Documentation updates:
- Clarified chat app behavior when models return JSON-shaped assistant content (for example {"response":"..."}) and documented content:json diagnostics.
- Documented example server sampling defaults (penalty=1.0, top_p=0.95, min_p=0.05) and added a CLI README batch parity-matrix usage example.
Chat app backend/status fixes:
- Backend switching now preserves configured gpuLayers while still allowing load-time CPU enforcement.
- Runtime backend labeling and GPU activity diagnostics now follow effective user selection, preventing false "VULKAN active" status when CPU mode is selected.
Context size auto mode:
- Restored support for Context Size: Auto by preserving 0 in persisted settings and passing auto behavior through to session context-limit resolution.
Tool-call parsing fixes (Hermes):
- Introduced staged double-brace recovery: parse as-is first, unwrap one outer {{...}} layer second, and only fall back to full _normalizeDoubleBraces when all braces are consistently doubled.

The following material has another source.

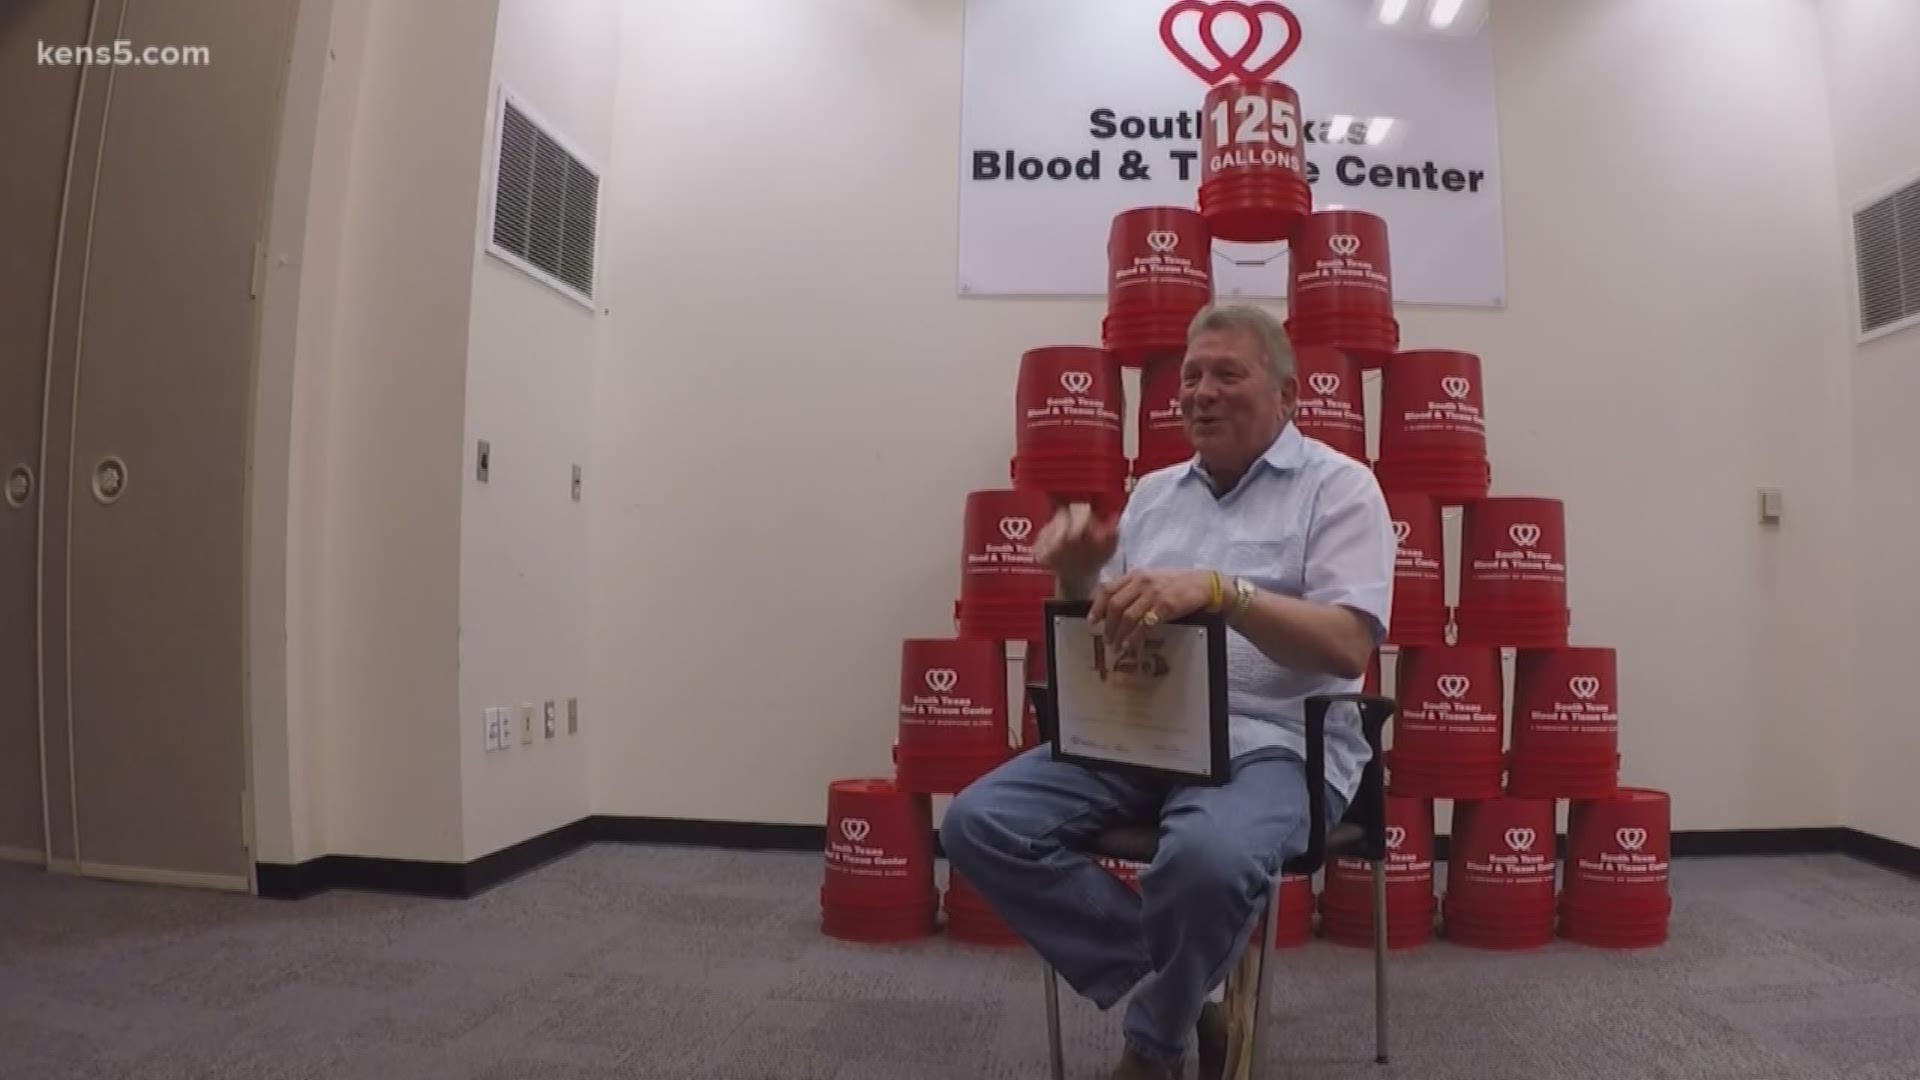 For the last 25 years, this Texas man regularly donated blood. At 75 years of age, he celebrated a major milestone in his charitable habit.
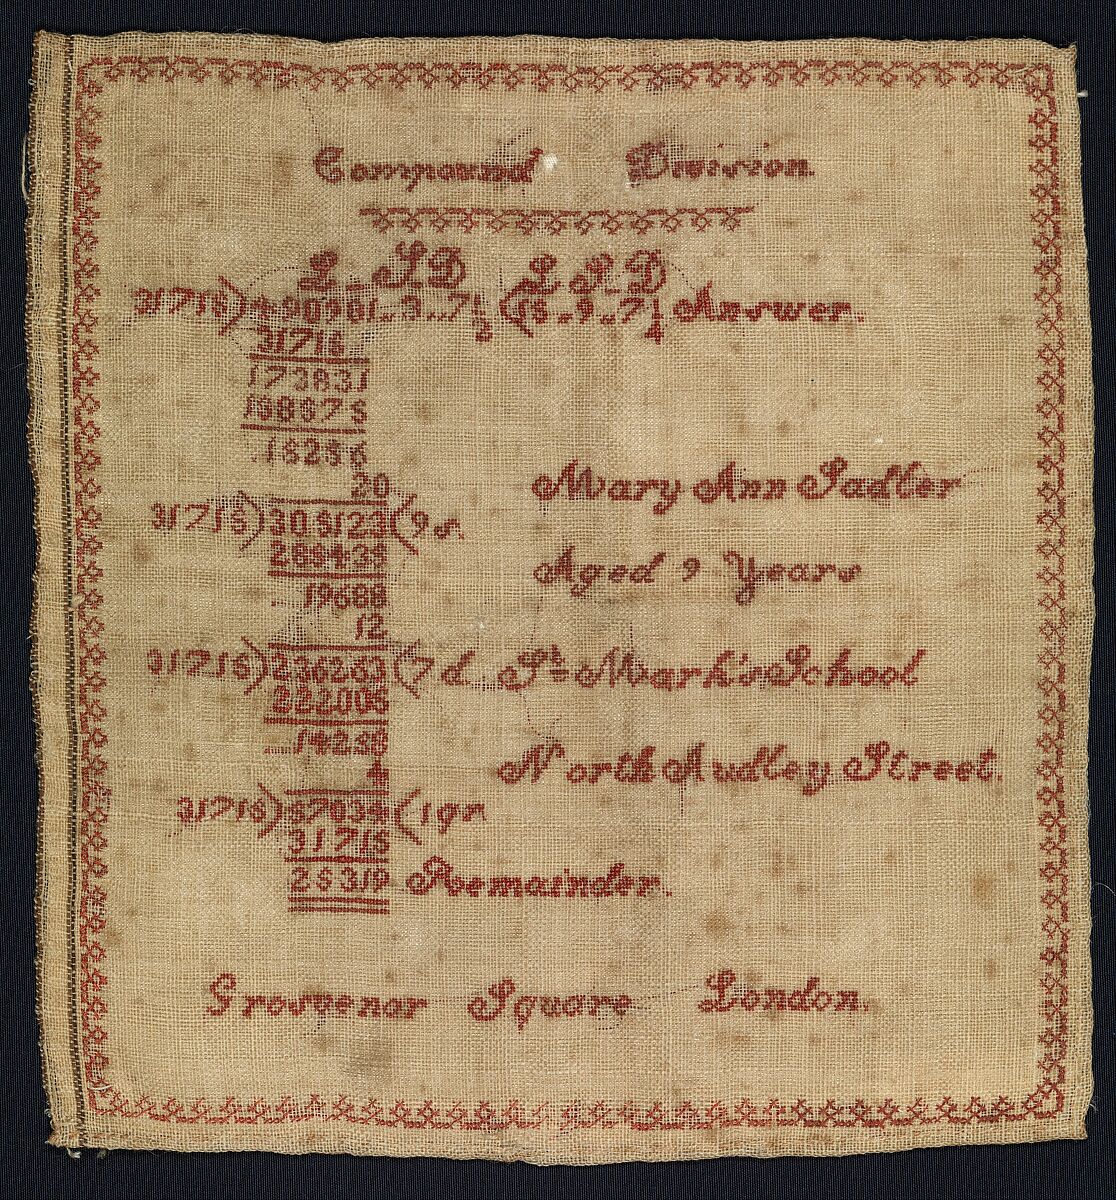 Sampler with compound division equation, Mary Ann Sadler, Silk embroidery on wool, British, London

- Added a consistency gate to _normalizeDoubleBraces that bails out on mixed single/double brace payloads to prevent corruption of valid nested JSON.
Tool-call parsing fixes (Magistral):
- Broadened whitespace skipping in _extractJsonObject to handle \n, \r, and \t between [ARGS] and the JSON body.
Example app (basic_app):
- Replaced toList() buffering with await for streaming for real-time token yield.
- Added tools parameter to every follow-up create() call and bounded tool-execution loop with _maxToolRounds = 10.
Test coverage:
- Added chat app regression tests for backend switching behavior and context-size auto persistence.
- Added regression tests for Hermes wrapped+nested double-brace payloads and Magistral [ARGS] with newline/nested arguments.
Example rename (server):
- Renamed example/api_server to example/llamadart_server.
- Renamed the example package/bin entrypoint to llamadart_server.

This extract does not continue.